What Cain and Abel Teach Us About Worship

Wednesday, September 14, 2016

heart in hands
As I read the story of Cain and Abel in Genesis 4 recently something jumped out at me that I had never seen before. I have read this many times and have always read it as a story about a man who hated his brother. This is really a story about a man caught up in a desperate attempt to find God's approval and sucked into the demonic trap of thinking that the act of worship is the way to gain that approval.
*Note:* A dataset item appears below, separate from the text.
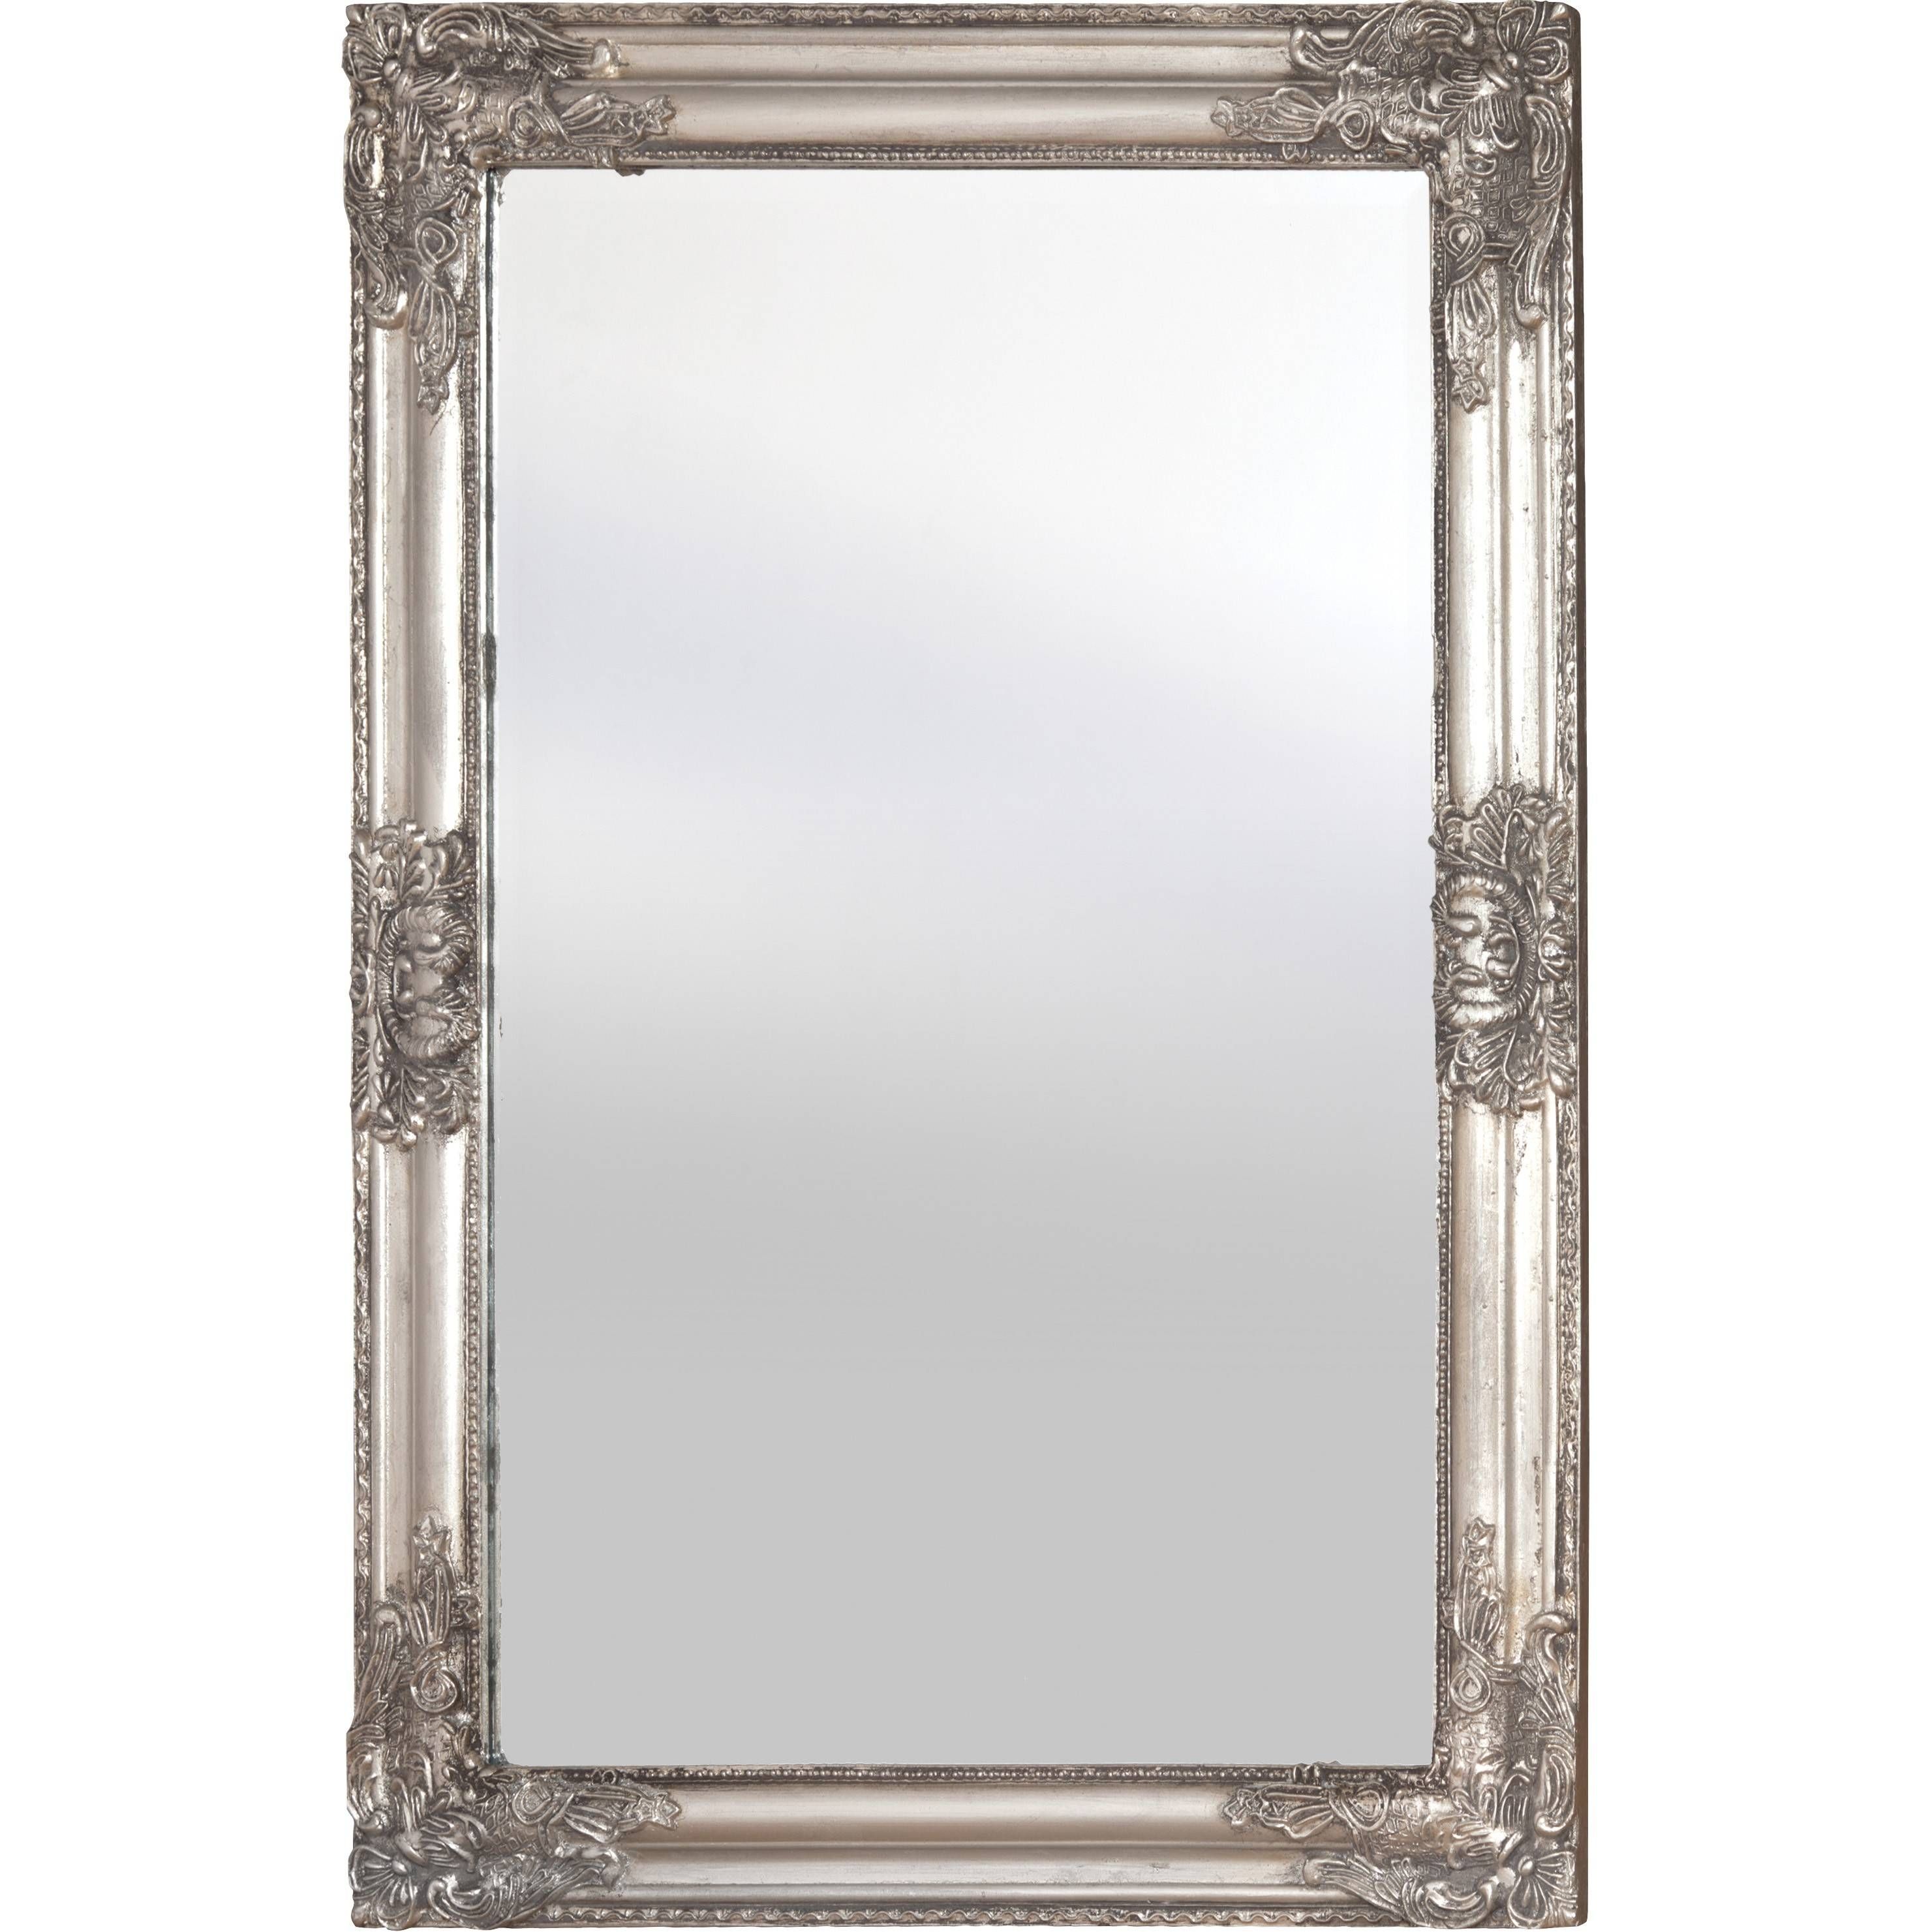 Mirrors | Home & Decor | Jysk Canada Within Long Antique Mirrors (View 12 of 15)

In verse 2 it says that Abel kept flocks and Cain worked the soil. Cain brought some of the fruits of the soil as an offering to the Lord while Abel brought fat portions from the firstborn of his flock. Both brought offerings to the Lord, but there was a huge difference between the two. Abel's offering came solely from God's hand of provision. As a shepherd he kept flocks. He didn't create them; he simply took care of them. On the other hand, Cain's offering came solely from his own hand of provision. His offering was from what he could offer. God's response to these offerings had nothing to do with the offerings themselves but the motivation behind them. The Lord makes a profound statement to Cain in verse 7 when He says, "If you do what is right, will you not be accepted?" This is the key to understanding the story. Take a moment to prayerfully think about this and what it tells us about the act of worship
plant in hands
Cain was a man who struggled with acceptance, self-worth and his identity. He thought that if he could somehow worship God just right, God would then approve of him. He worked hard in the fields so that he could show God what a great job he did. That was his offering. The reason God approved of Abel's offering and not Cain's is simple - Abel's was from the heart, not his hands. It was an act of worship that declared his total dependence upon God and that without him he would have nothing. Cain's offering was from his own hands, not from his heart. His was an act of worship to his accomplishments. He didn't need God. He could take care of himself. That is what led to his anger because the more he tried to gain God's approval and attention, the more he felt unaccepted by him. It also bred intense jealousy toward his brother that eventually drove him to murder.
heart in hands
The challenge for us as we live a lifestyle of worship is that we must be careful to approach God simply out of a heart that is totally and completely dependent upon him for everything. He already accepts us so we don't have to worry about that. Worship doesn't make him accept us more, but rather it reminds us that if it were not for Him, we would be nothing. God does not want the work of your hands. He just wants your heart. That is why lifting up your hands in worship is so powerful and important. When we lift our hands up to heaven we have to let go of whatever we are holding on to so that we have nothing to bring to the Lord but our hearts. That is acceptable worship.